Hash aggregates

This post is an expansion of this tweet:

If I had to pick a single programming concept where understanding it is like a superpower, it would probably be the hash map (aka in Python, the humble dictionary) because I've seen the pattern come up in almost every kind of data/programming work I've ever done.
— Vicki (@vboykis) July 8, 2020

Hash Aggregate Here #

But data work also has its own unique patterns, and I want to talk about one of these that I think is important for all of us to carry around in our back pockets: the humble hash aggregate. The hash aggregate works like this:

You have a multidimensional array (or, as us plebes say, table) that contains numerous instances of similar labels. What you want to know is the distinct counts of each category. The implemented algorithm splits the matrix by key and sums the values and then returns the reduced matrix that has only unique keys and the sum values to the user.
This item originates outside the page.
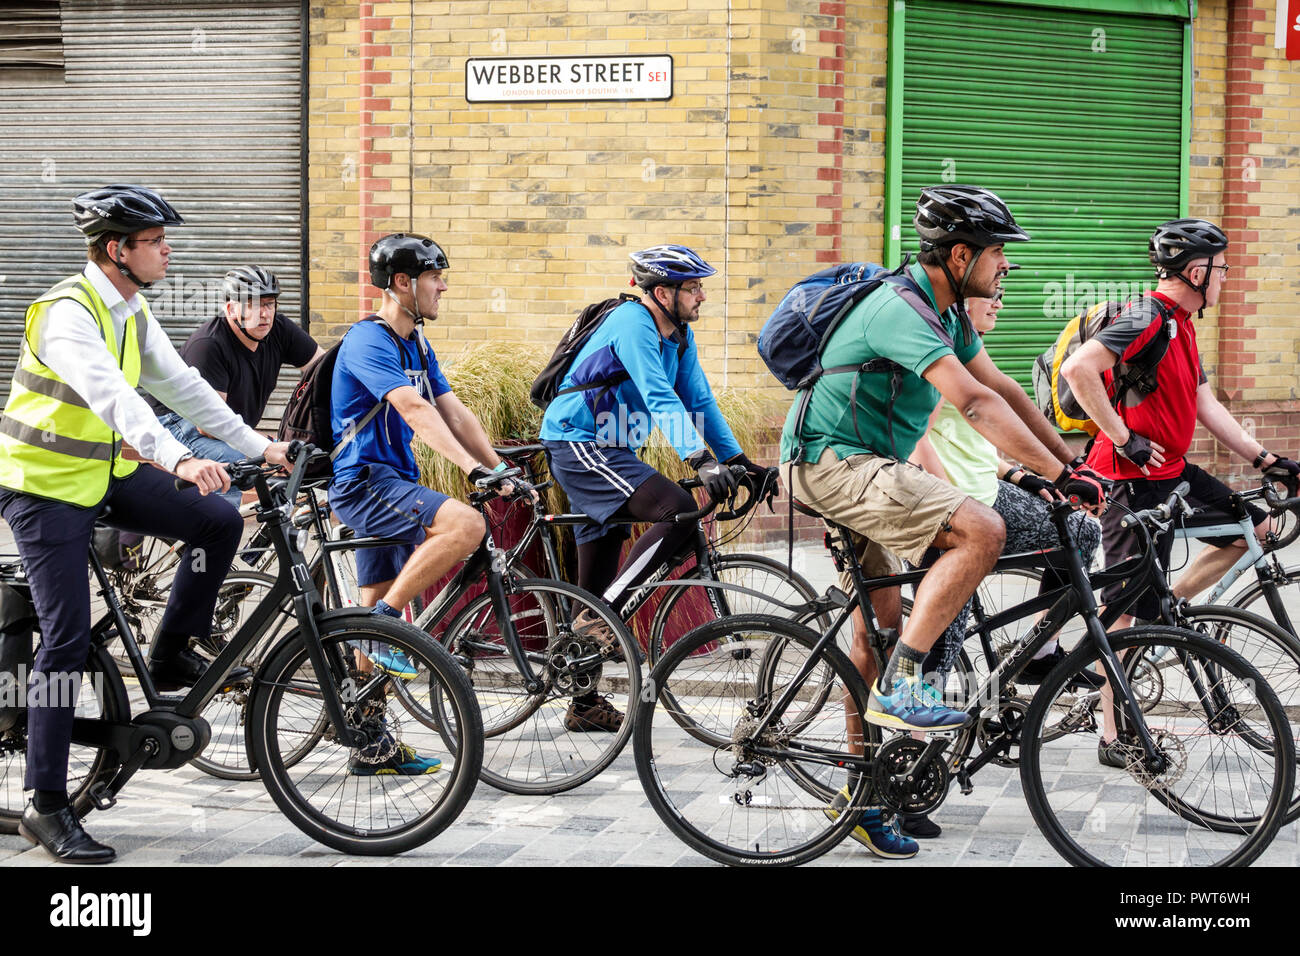 London England,UK,Lambeth,Webber Street,bicycle bicycles bicycling riding biking rider riders bike bikes,bike lane,work commuters,riding riders,bicycl Stock Photo

It’s a very simple and ingenious algorithm, and it shows up over and over and over again. If you’ve ever done a GROUP BY statement in SQL, you’ve used the hash aggregate function. Python’s dictionary operations utilize hash aggregates. And so does Pandas’ split-apply-combine (pictured here from Jake’s great post) And, so does Excel’s Pivot table function. So does sort filename | uniq -c | sort -nr in Unix. So does the map/reduce pattern that started in Hadoop, and has been implemented in-memory in Spark. An inverted index, the foundation for Elasticsearch (and many search and retrieval platforms) is a hash aggregate.

So what? #

If you’ve worked with either development or data for any length of time, it’s almost guaranteed that you’ve come across the need to get unique categories of things and then count the things in those categories. In some cases, you might need to build your own implementation of GROUP BY because it doesn’t work in your language or framework of choice.

My personal opinion is that every data-centric framework that’s been around long enough tends to SQL, so everything will eventually implement hash aggregation.

Once you understand that hash aggregation is a common pattern, it makes sense to observe it at work, learn more about how to optimize it, and generally think about it.

Once we know that this pattern has a name and exists, we have a sense of power over our data work. Confuscius (or whoever attributed the quote to him) once said, “The beginning of wisdom is to call things by their proper name," and either he was once a curious toddler, or an MLE looking to better understand the history and context of his architecture.